ENTRIES SHOWN:
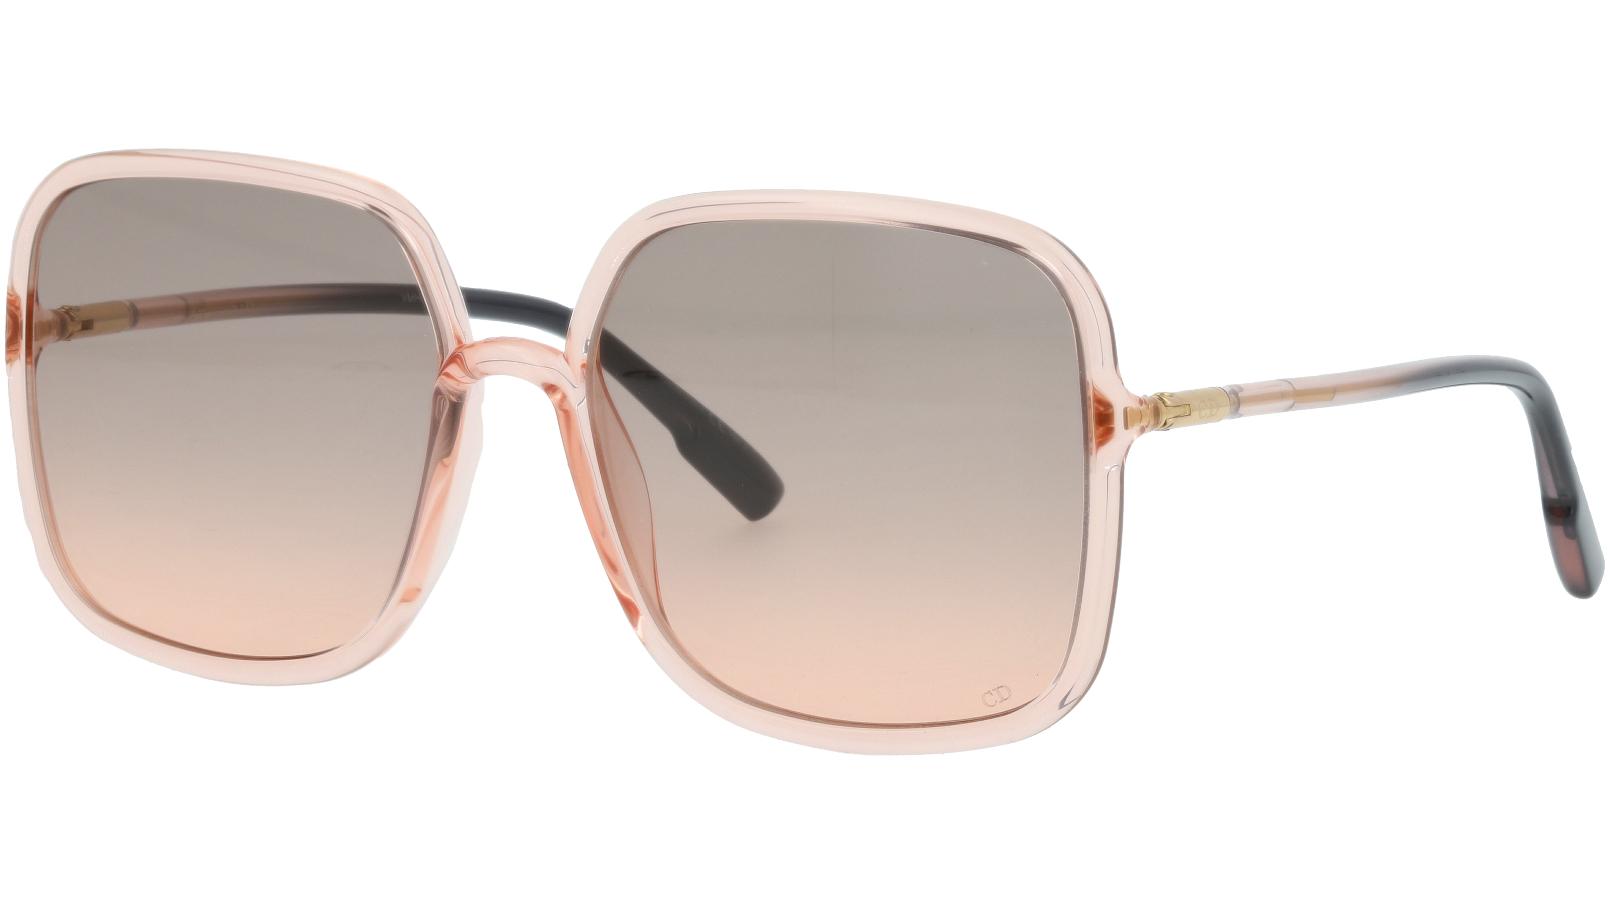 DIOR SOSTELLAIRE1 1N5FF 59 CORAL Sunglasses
---
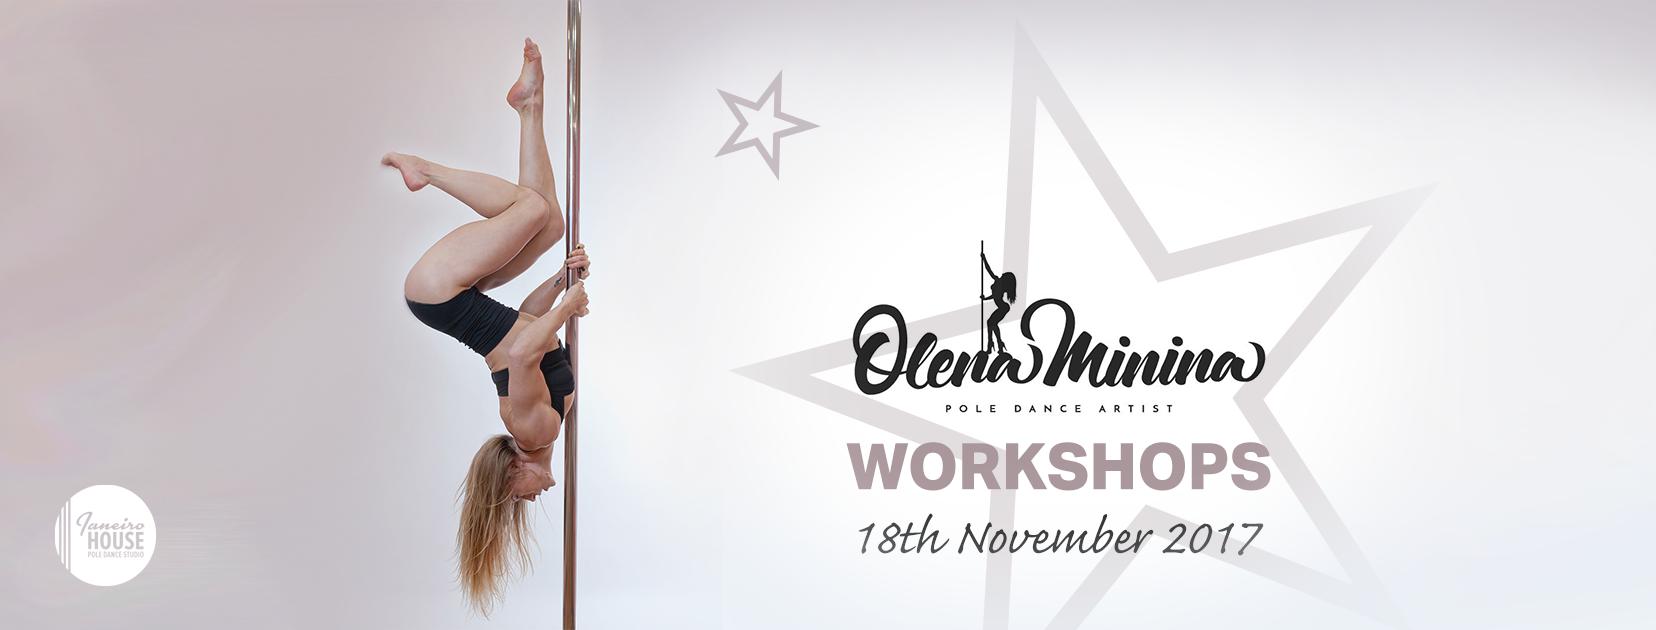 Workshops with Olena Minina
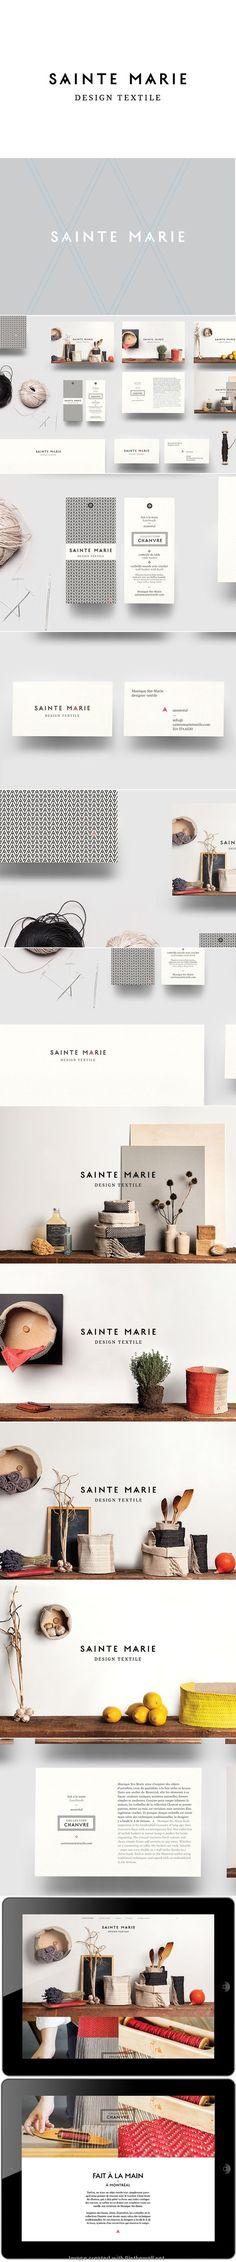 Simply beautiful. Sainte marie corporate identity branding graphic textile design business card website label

PROBLEM DESCRIPTION: Taking the material above, give again exactly the lines from the one holding "Workshops with Olena Minina" through the one holding "Simply beautiful. Sainte", with both ends and without pictures.

WRITTEN RESPONSE:
 Workshops with Olena Minina
 Simply beautiful. Sainte marie corporate identity branding graphic textile design business card website label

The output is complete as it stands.